The church of the ducks: The 19th century philosopher Soren Kierkegaard's told a story about a make-believe country where only ducks live. One Sunday morning all the ducks came into their little duck church, waddled down the aisle, and waddled into the pews.
Then the duck minister came in, took his place behind the pulpit, opened the duck bible and read, "Ducks! You have wings, and with wings you can fly like eagles." The ducks all quacked out loud “Amen!” The duck pastor continued to read and said, "With your wings you can soar into the sky!" Again the ducks responded with thunderous Amen and Hallelujah so the duck pastor read some more with even greater emphasis: "Ducks, you have wings! You can fly!" And all the ducks in the church quacked, "Amen!" Then the service ended and they came out of the church. Not a single duck spread its wings to fly. They all waddled home in a noisy, “Quack! Quack! Quack…!”
Knowledge of obedience is not enough: James 4:17 “Anyone, then, who knows the good he ought to do and doesn't do it, sins.”
It is not enough to know what you’ve heard or read in the word of God about what God wills for you. What matters is that if you know what to do, that you do it! Having the knowledge about God’s will is not enough. Knowing the necessity of obedience is not enough. These things are not the same as being obedient. Knowing what should be done obligates a person to do it. The advantage of being taught about obedience is not that we get an “outstanding grade” from God because we get the right answer. To believe in something is to act like it is so. Hence, the advantage of believing God’s word and specifically, God’s will is that we obey it because it is true, good, precious, and real.
Obedience is for our good: Obedience is for our good. James calls it the “good” which means beautiful, excellent, noble, or right. Jesus is a King. Jesus dictates and commands. But they are meant to make us well and happy. Every command is meant for our good. They are loving guidelines of an infallibly infinite and wise heavenly Father for the good of those He loves.
Abraham--faith in obedience: Hebrews 11:8 “By faith Abraham, when called to go to a place he would later receive as his inheritance, obeyed and went, even though he did not know where he was going.”
Abraham is mentioned ten times in Hebrews.
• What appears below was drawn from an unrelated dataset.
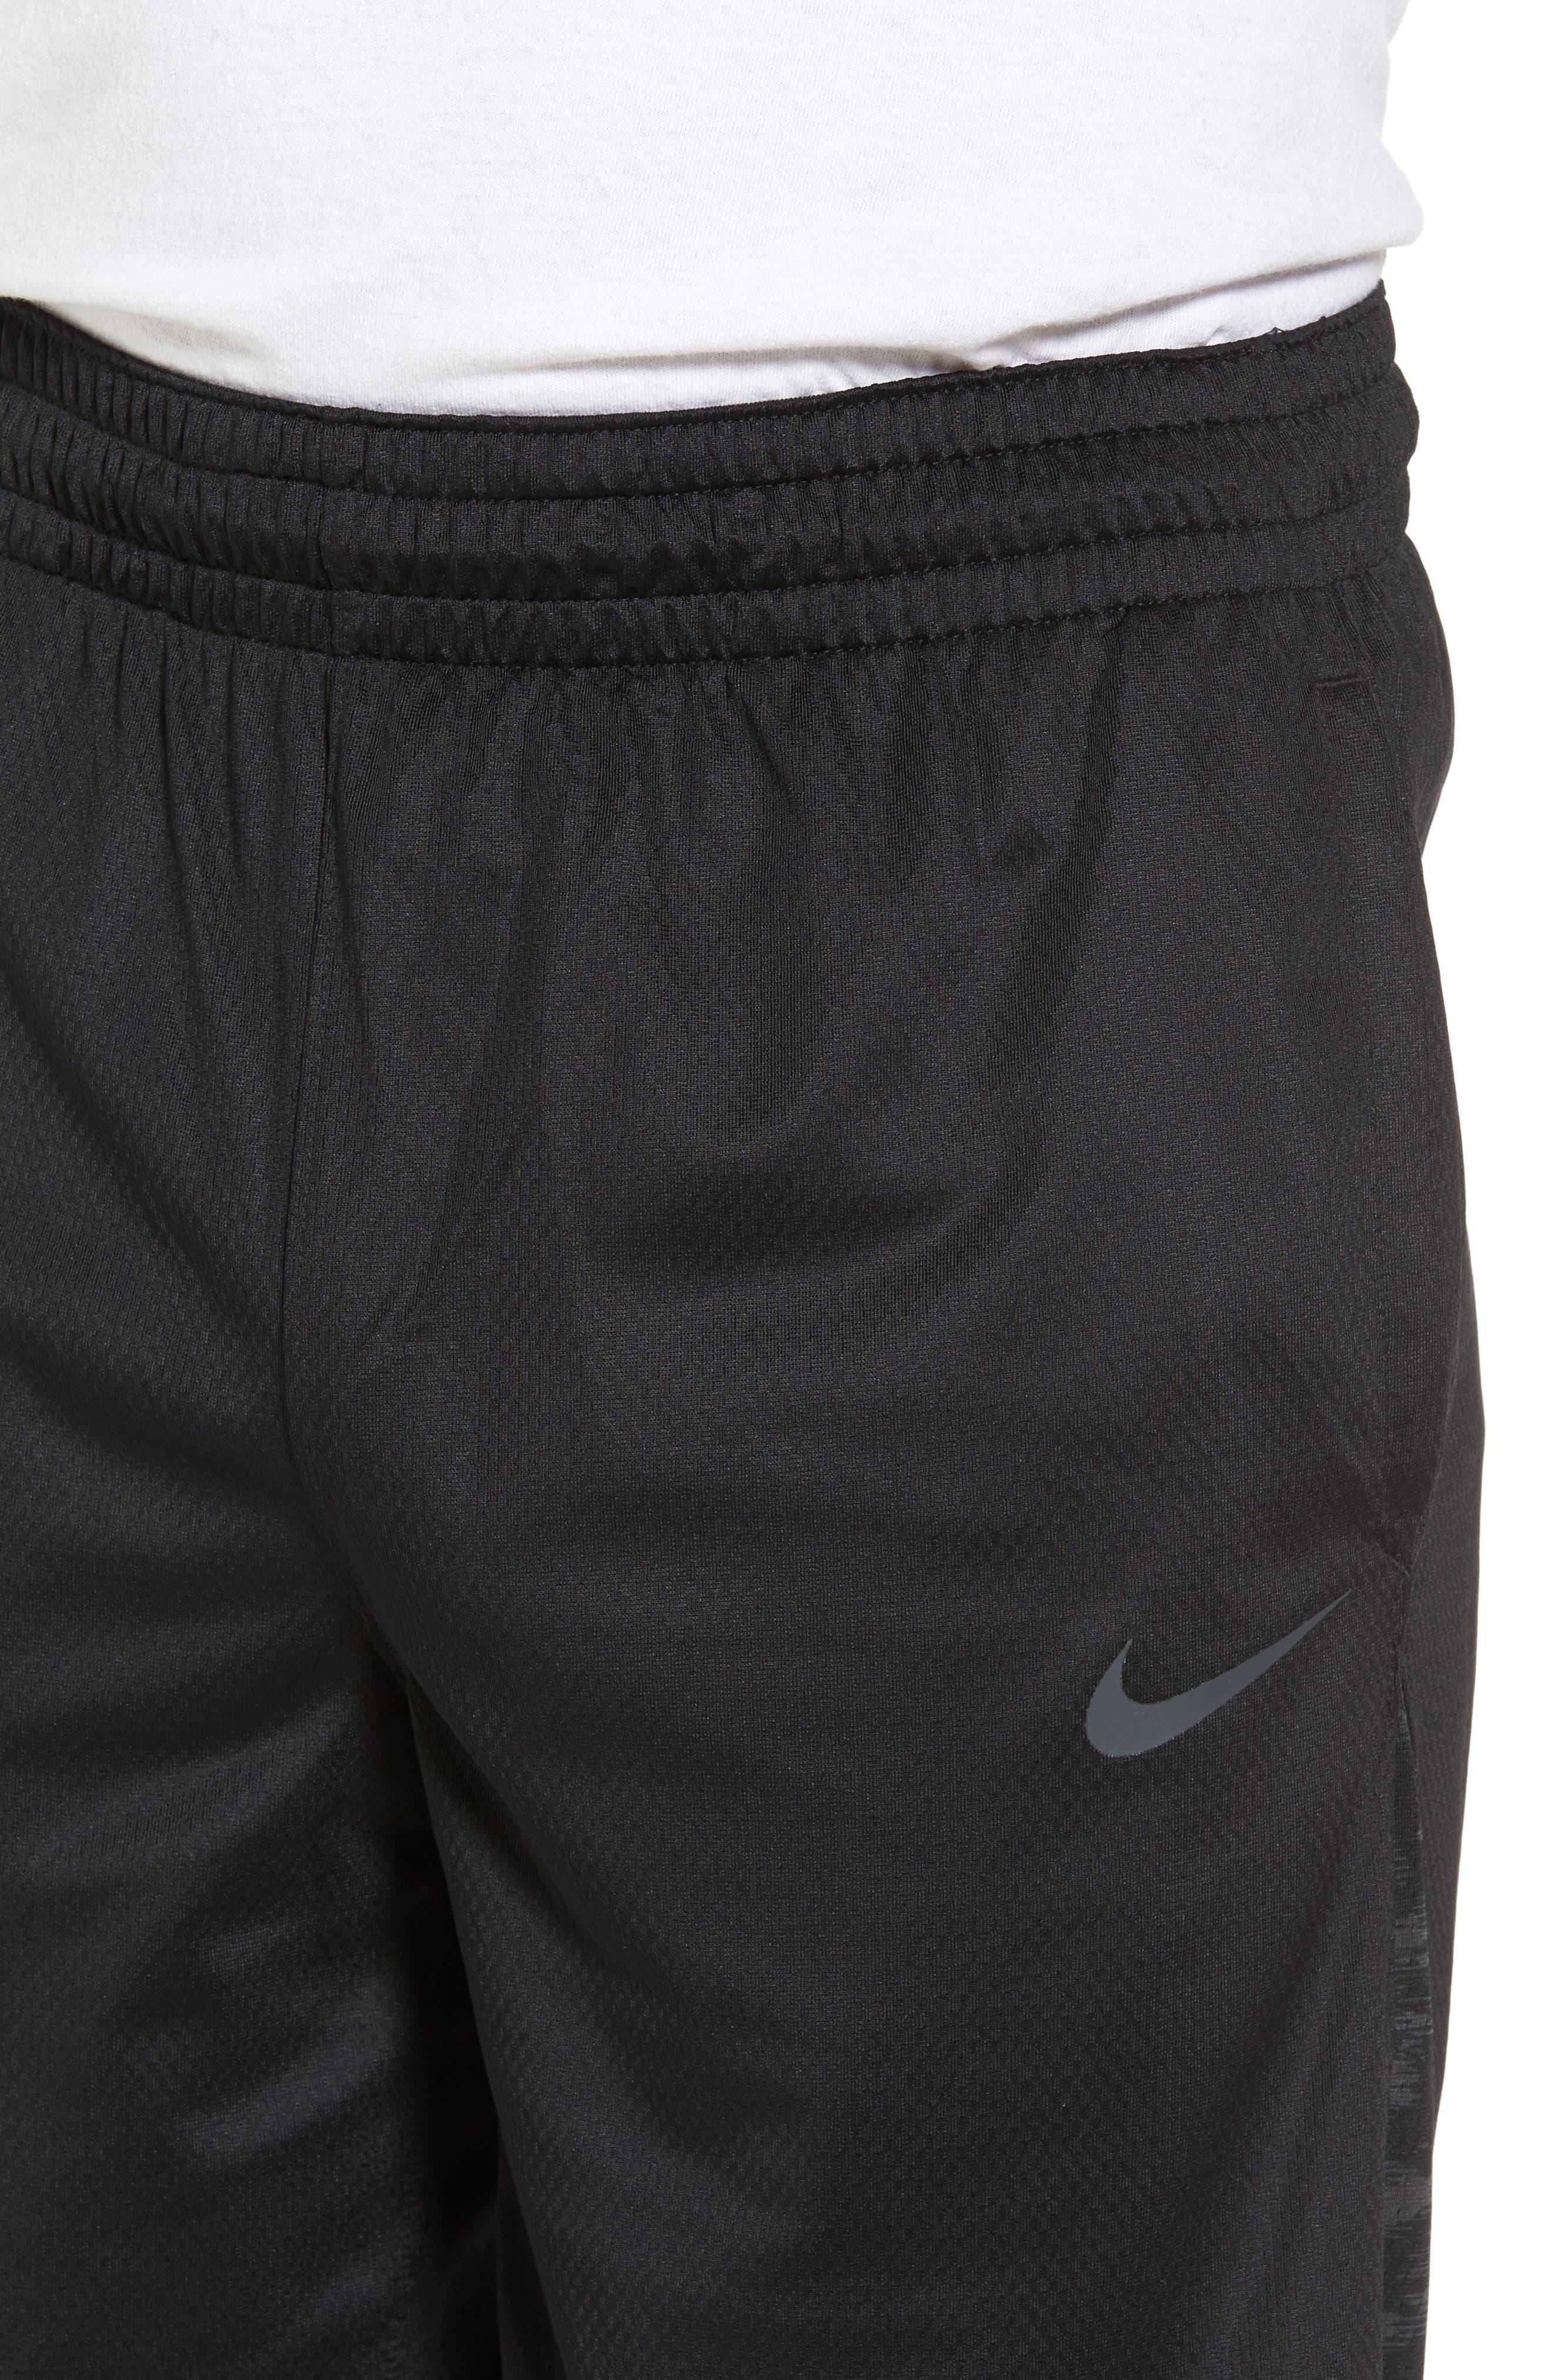 Basketball Shorts,                             Alternate thumbnail 4, color,                             010

The great progenitor of the Jewish people and his wife are now singled out as examples of faith. The Jews prided themselves on their descent from Abraham, and the great patriarch is mentioned in the New Testament as one who had faith and who acted on his faith. In line with this the author gives more space to Abraham than to any other individual on his list. Abraham accepted God's promises and acted on them even though there was nothing to indicate that they would be fulfilled. This faith is seen in his acceptance of the promise of a child when Sarah was old and even more in his readiness to sacrifice that child-- the one through whom the promise was to be fulfilled-- when God commanded.
God demands obedience: Micah 6:8 “He has showed you, O man, what is good. And what does the LORD require of you? To act justly and to love mercy and to walk humbly with your God.”
The scriptures clearly teach us that God demands obedience from his people. We are responsible before God to obey His commands. Obedience to the commandments of God is utterly crucial in living the Christian life.
What God wants is a heart response to God demonstrated in the basic elements of true religion. God has told the people what is good. The Mosaic law differentiated between good and bad and reflected God's will in their religious and social lives.
They were to act "justly", here in the sense of true religion, i.e., the ethical response to God that has a manifestation in social concerns as well. “To love mercy” is to freely and willingly show kindness to others. "To walk humbly with your God" means to live in conscious fellowship with him, exercising a spirit of humility before him. It is not that sacrifice was completely ineffectual and that simply a proper heart attitude to God would suffice. Rather, God has no interest in the multiplication of empty religious acts.
These ethical requirements do not comprise the way of salvation. We are still called to the exercise of true religion because we are in a covenant relationship with God in which the law has been placed within their hearts not abrogated. Our obedience is inspired by the indwelling Holy Spirit, not by the letter of the law.
We are saved for obedience: Romans 1:5 “Through him and for his name's sake, we received grace and apostleship to call people from among all the Gentiles to the obedience that comes from faith.”
The desired response to the gospel message is "obedience that comes from faith". Paul's readers were not called, as he was, to apostleship; they were called "to belong to Jesus Christ" and to be "saints", the common term designating believers. The scriptures teach us that we are saved for obedience. There are two beautiful truths balanced so wonderfully in Scripture. We are not saved by obedience. Salvation comes by grace through faith in Christ. But, we are saved for obedience.
The test of love for God: John 14:15 "If you love me, you will obey what I command.”
Obedience to God is the proof of our love for Him. True knowledge of God does not end with speculative ideas but with obedience to the moral law and with the presence of God's love in the believer.
2 John 1:6 “And this is love: that we walk in obedience to his commands. As you have heard from the beginning, his command is that you walk in love.”
The test of love is obedience to God's commands, and the test of obedience is whether one "walks in love." Love of God must result in obedience or it is not true love. Jesus' own love for you and I was manifested by his obedience even to death.